DATA EXCERPT —
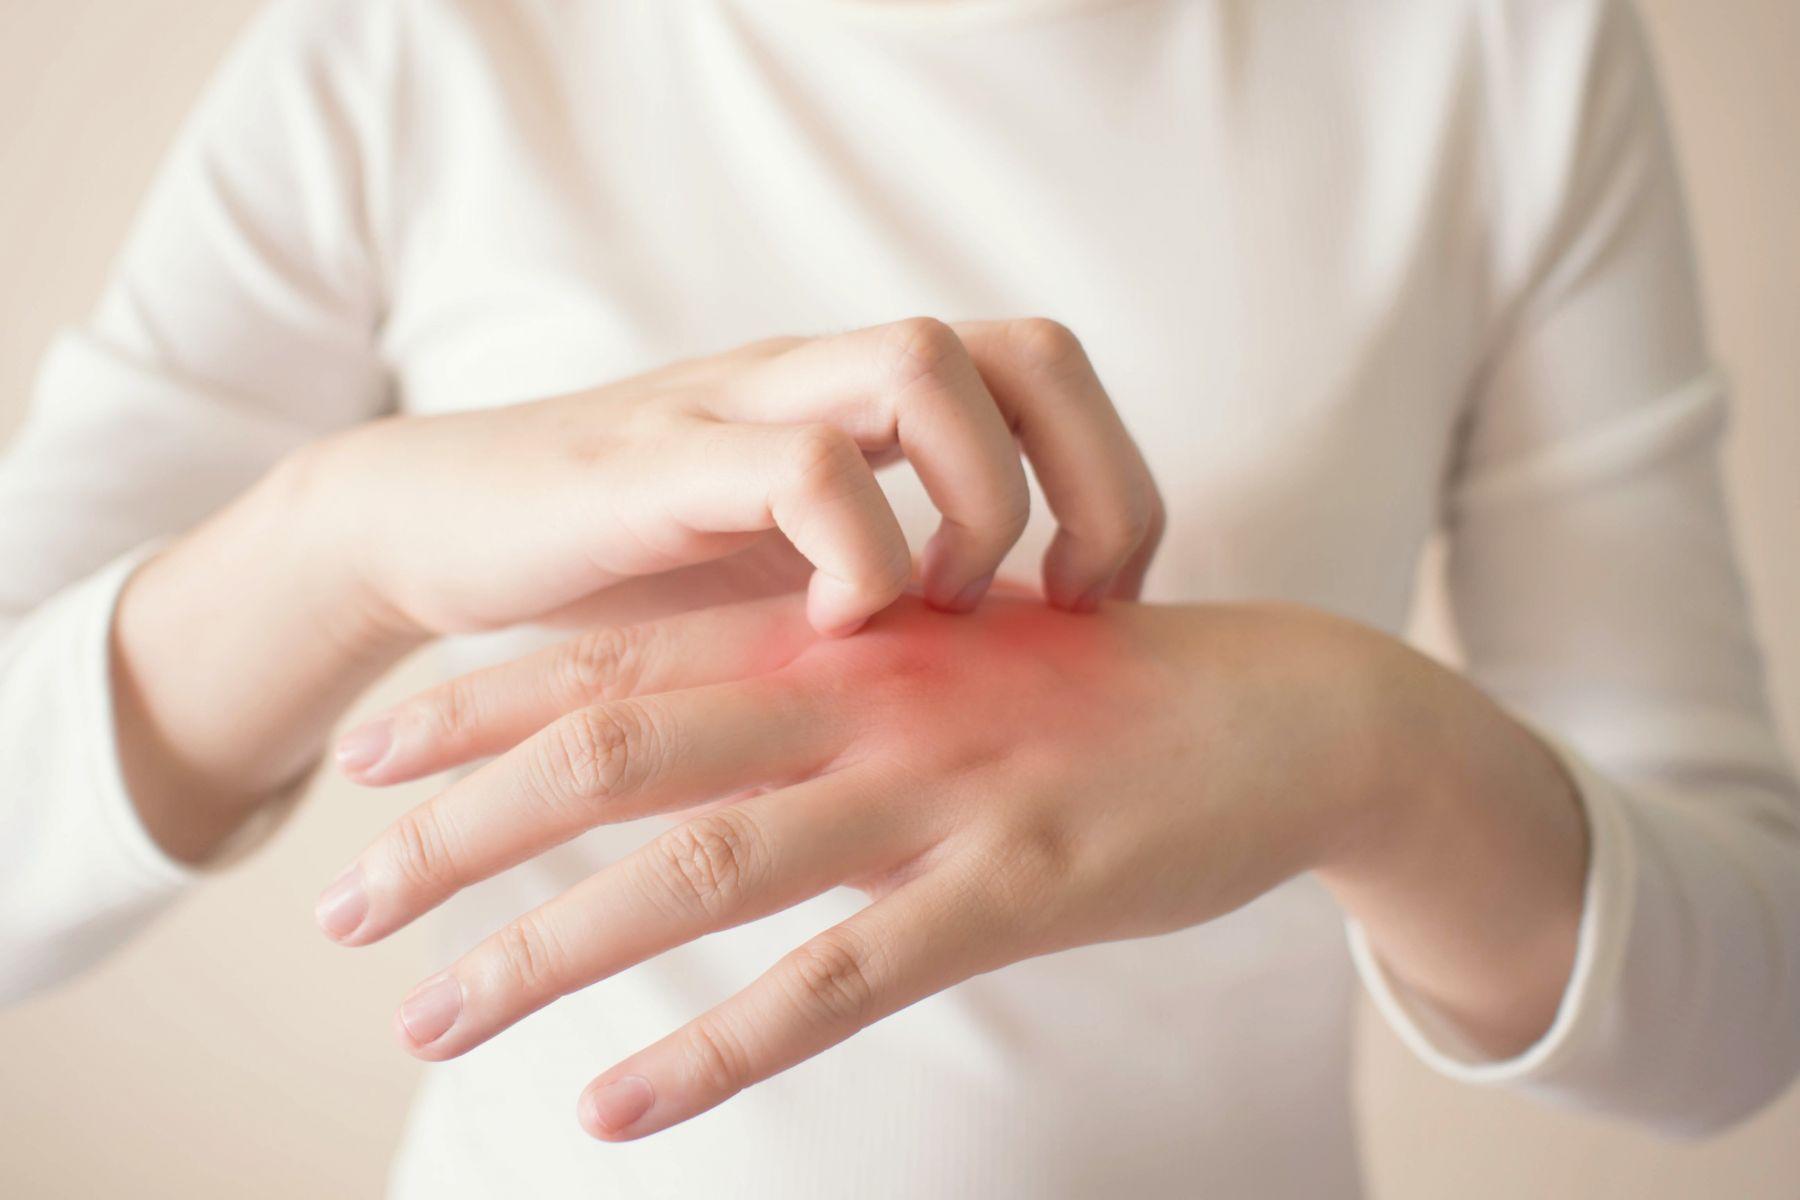 濕疹吃香菇更發炎、搔癢難耐?除了擦藥,吃2食物舒緩皮膚過敏、紅疹症狀
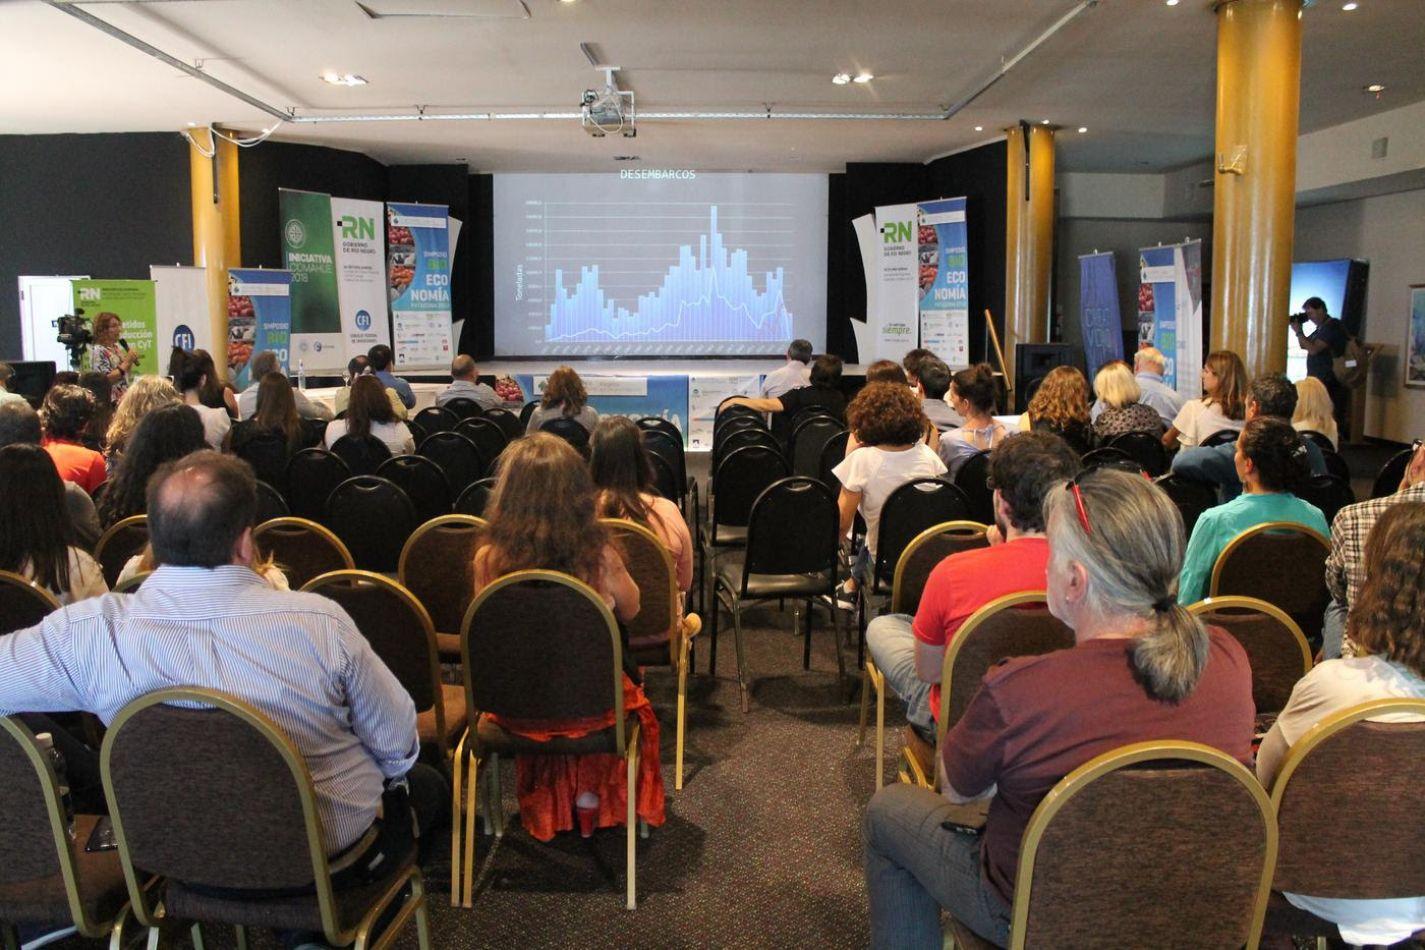 Funcionarios de la provincia disertaron en el evento realizado en Las Grutas, Río Negro los días 28 y 29 de noviembre.
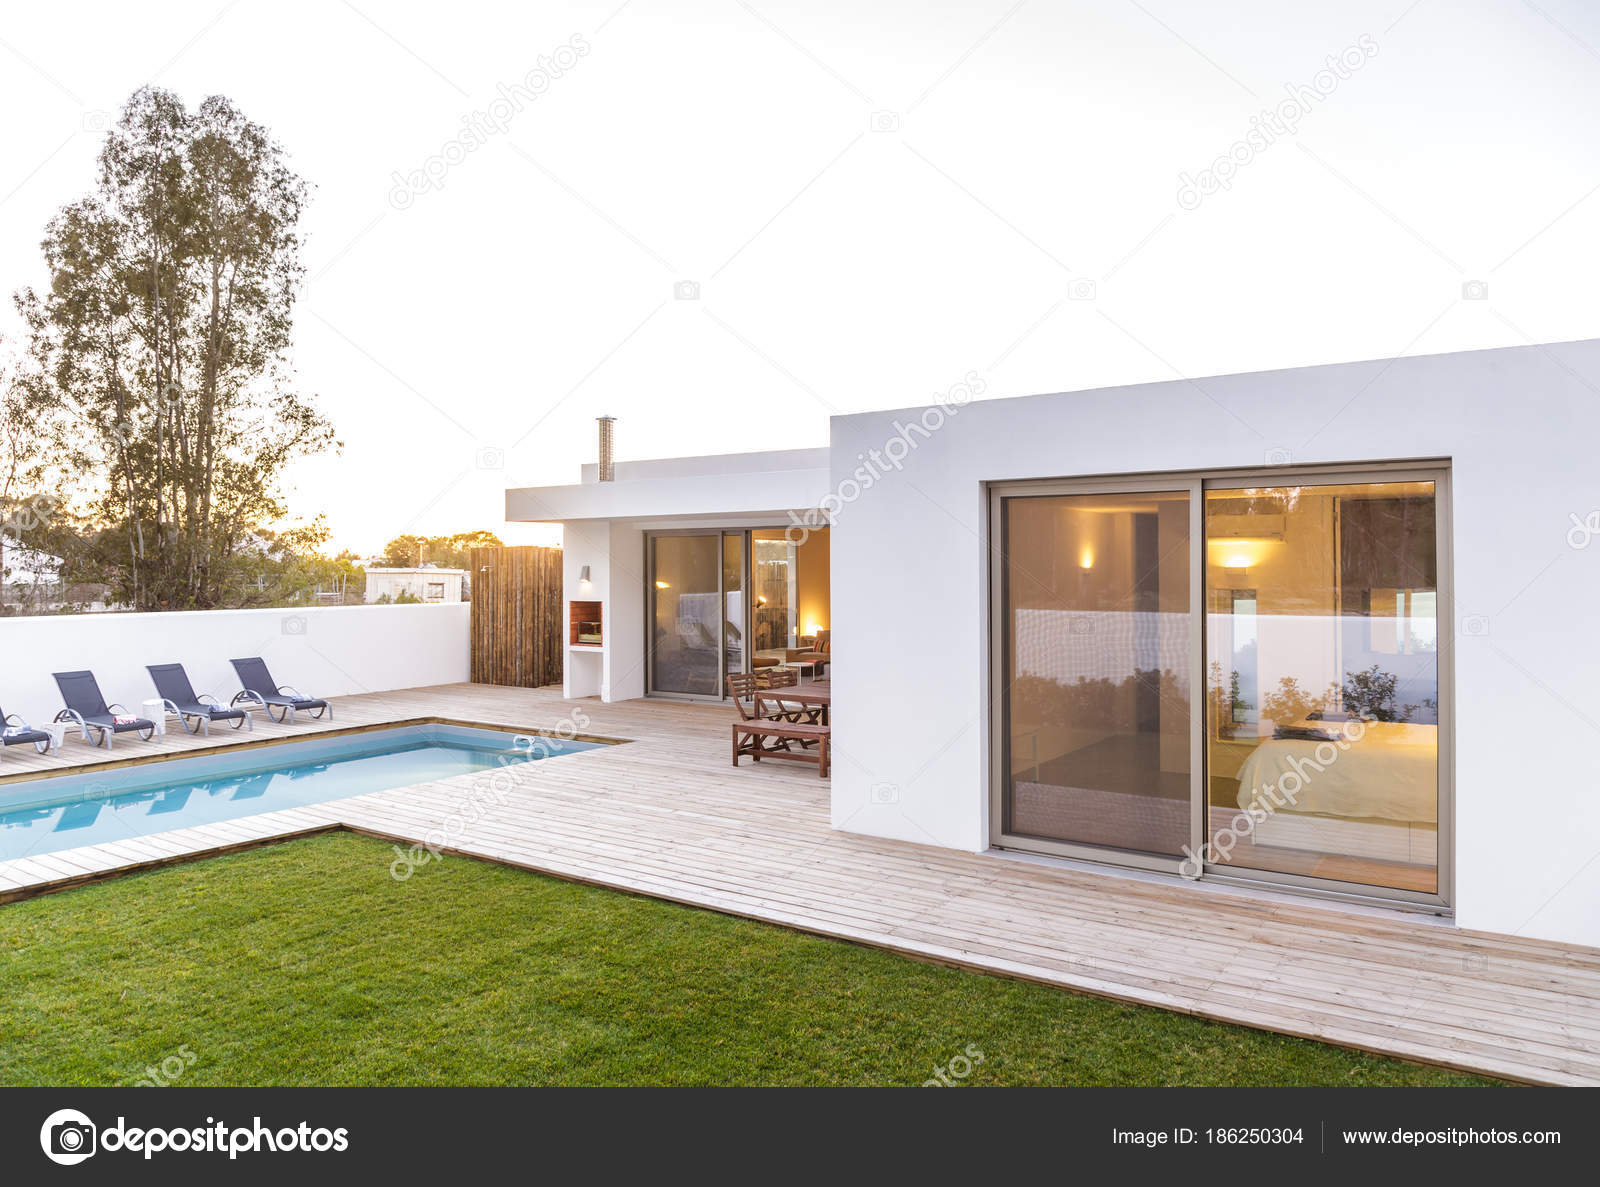 Casa moderna con giardino piscina e solarium in legno for Ville moderne con vetrate

ABOUT THIS TASK — The data above needs to be retyped exactly, with the images left out.

YOUR SOLUTION —
 濕疹吃香菇更發炎、搔癢難耐?除了擦藥,吃2食物舒緩皮膚過敏、紅疹症狀
 Funcionarios de la provincia disertaron en el evento realizado en Las Grutas, Río Negro los días 28 y 29 de noviembre.
 Casa moderna con giardino piscina e solarium in legno for Ville moderne con vetrate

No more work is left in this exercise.